Do all stars have planets?

Are there lone stars or do they all have planetary families?

In 1992, astronomers discovered the first exoplanet, a planet from another star, outside the solar system. Since then, telescopes have detected thousands of exoplanets orbiting not just sun-like stars but also binary star systems, small cold stars called red dwarfs and even ultra-dense neutron stars.

It’s easy to imagine whether all stars have at least one planet in their orbit or whether there are lone stars. Speaking to Live Science, Jonathan Lunine, chairman of the Department of Astronomy at Cornell University, alma mater of famous astronomer Carl Sagan, these lonely stars exist. “It’s not known for sure, but the truth is that there are many stars in which planets have been researched – and none have been found so far.”

Scientists estimate that there are as many planets as there are stars in our galaxy, but these planets are not evenly distributed. Some stars like the Sun, like TRAPPIST-1, a red dwarf star located about 40 light-years away, are home to more than half a dozen planets, while others may have none.

But what makes one star host so many planets while others fly alone? Scientists believe it is due to the way the star formed. When young stars are forming, they are usually surrounded by a ring of dust particles. These particles collide with each other to form larger and larger clumps, which can eventually form planets. But not all young stars are so lucky.
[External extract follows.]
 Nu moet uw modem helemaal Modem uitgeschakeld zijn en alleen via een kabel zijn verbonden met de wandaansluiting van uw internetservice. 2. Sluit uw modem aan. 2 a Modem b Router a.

If a star is formed from a group of interstellar clouds that rotate very quickly and that group contracts instead of rotating to form a disk, then it can break into two or more pieces and form a binary star system or a multiple star system. In these cases, planets may not form.

Binary star systems can form planets in some cases, such as Kepler-47 and its three planets, but the conditions must be right. In these systems, stellar material is divided into two groups, and then a disk forms around one or both of these groups.

Less often, a young star’s dust clump can spin so slowly that it simply collapses into a star without forming a disk. It’s also possible that one star forms planets and that another star’s intense gravity knocks them out of the solar system, or at least sends them too far away to be detected. This is what may have happened to the planet HD 106906 b, which revolves around a binary star system in an orbit 18 times farther from its star than Pluto is from the sun.